Cyclic Tour

Time Limit: 1000/1000 MS (Java/Others) Memory Limit: 32768/65535 K (Java/Others)
Total Submission(s): 3353 Accepted Submission(s): 1756

Problem Description
There are N cities in our country, and M one-way roads connecting them. Now Little Tom wants to make several cyclic tours, which satisfy that, each cycle contain at least two cities, and each city belongs to one cycle exactly. Tom wants the total length of all the tours minimum, but he is too lazy to calculate. Can you help him?

Input
There are several test cases in the input. You should process to the end of file (EOF).
The first line of each test case contains two integers N (N ≤ 100) and M, indicating the number of cities and the number of roads. The M lines followed, each of them contains three numbers A, B, and C, indicating that there is a road from city A to city B, whose length is C. (1 ≤ A,B ≤ N, A ≠ B, 1 ≤ C ≤ 1000).

Output
Output one number for each test case, indicating the minimum length of all the tours. If there are no such tours, output -1.

Sample Input
6 9
1 2 5
2 3 5
3 1 10
3 4 12
4 1 8
4 6 11
5 4 7
5 6 9
6 5 4
6 5
1 2 1
2 3 1
3 4 1
4 5 1
5 6 1

Sample Output
42
-1

Hint
In the first sample, there are two cycles, (1->2->3->1) and (6->5->4->6) whose length is 20 + 22 = 42.

Author
RoBa@TJU

题意:让我们找几个环包含所有点,然后每个点只能用一次,使得我们所有走的路径的距离最小。
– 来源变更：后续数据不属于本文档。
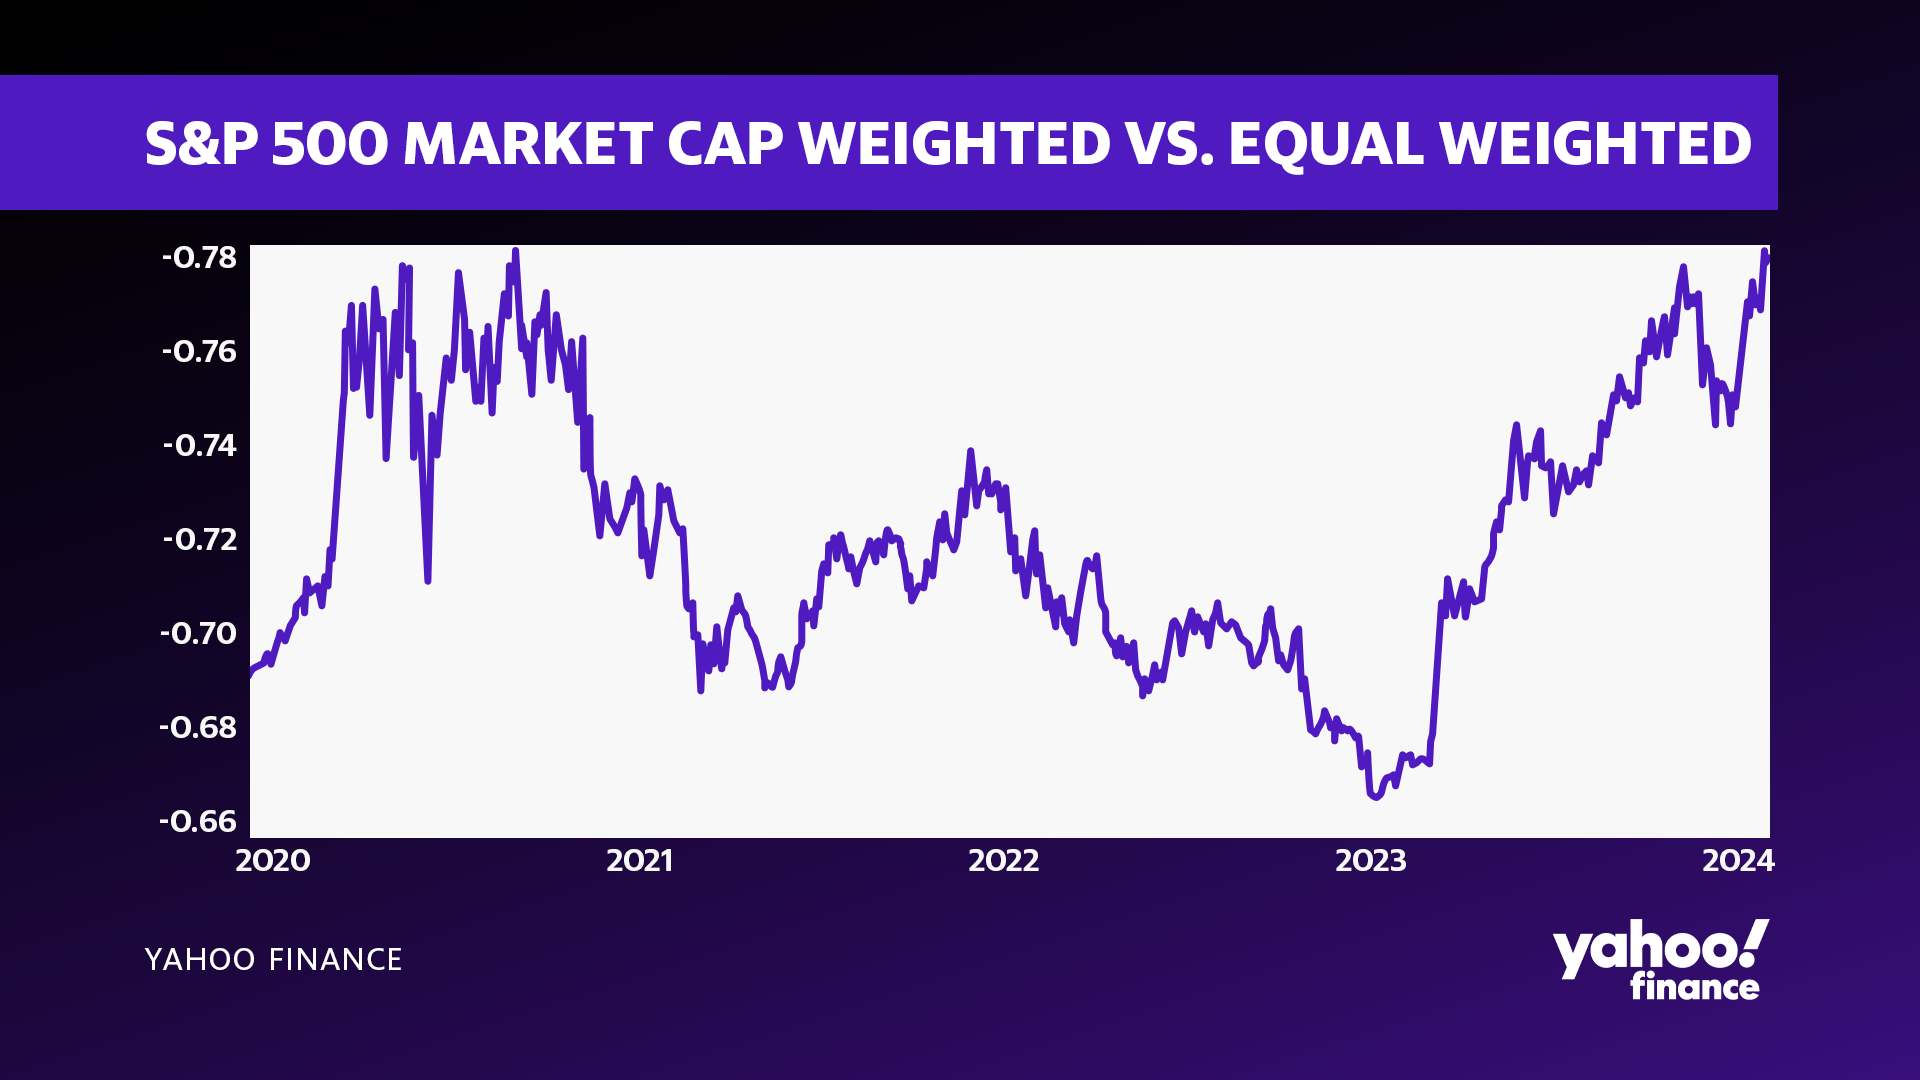 S&P 500 Market Cap Weighted vs. Equal Weighted

结论:如果给定一张有向图,里面所有的点的入度和出度都为1,那么该图一定是由若干个不相交的环构成的。

我们可以想到用费用流。因为和最小路径覆盖很像。

考虑建图:

  • S向每个点的入点连边,流量为1,费用为0,限流每个点用一次。
  • 每个点的出点向T连边,流量为1,费用为0
  • 对于每个存在的边a->b,让a的入点连向b的出点,流量为1,费用为边权。

然后跑一次最大费用流即可。若流量不为n,则输出-1。如果流量为n,那么每个点都有出度,且都有入度则必成环。

所以建图正确。

AC代码:

#pragma GCC optimize
#include<bits/stdc++.h>
//#define int long long
using namespace std;
const int inf=0x3f3f3f3f;
const int N=1010,M=100010;
int n,m,v[N],e[N],d[N],s,t,res;
int head[N],nex[M],to[M],w[M],flow[M],tot=1;
inline void ade(int a,int b,int c,int d){
	to[++tot]=b; w[tot]=d; flow[tot]=c; nex[tot]=head[a]; head[a]=tot;
}
inline void add(int a,int b,int c,int d){
	ade(a,b,c,d);	ade(b,a,0,-d);
}
inline bool spfa(){
	int vis[N]={0};	vis[s]=1;	queue<int> q;	q.push(s);
	memset(d,inf,sizeof d);	d[s]=0;
	while(q.size()){
		int u=q.front();	q.pop();	vis[u]=0;
		for(int i=head[u];i;i=nex[i]){
			if(flow[i]&&d[to[i]]>d[u]+w[i]){
				d[to[i]]=d[u]+w[i];
				v[to[i]]=u;	e[to[i]]=i;
				if(!vis[to[i]])	q.push(to[i]),vis[to[i]]=1;
			}
		}
	}
	return d[t]!=inf;
}
inline int EK(){
	int maxflow=0;
	while(spfa()){
		int mi=inf;
		for(int i=t;i!=s;i=v[i])	mi=min(mi,flow[e[i]]);
		for(int i=t;i!=s;i=v[i])	flow[e[i]]-=mi,flow[e[i]^1]+=mi;
		maxflow+=mi;	res+=d[t]*mi;		
	}
	return maxflow==n;
}
signed main(){
	while(~scanf("%d %d",&n,&m)){
		t=2*n+1;	tot=1;	res=0;	memset(head,0,sizeof head);
		for(int i=1;i<=n;i++)	add(s,i,1,0),add(i+n,t,1,0);
		while(m--){
			int a,b,c;	scanf("%d %d %d",&a,&b,&c);	
			add(a,b+n,inf,c);	
		}
		printf("%d\n",EK()?res:-1);
	}
	return 0;
}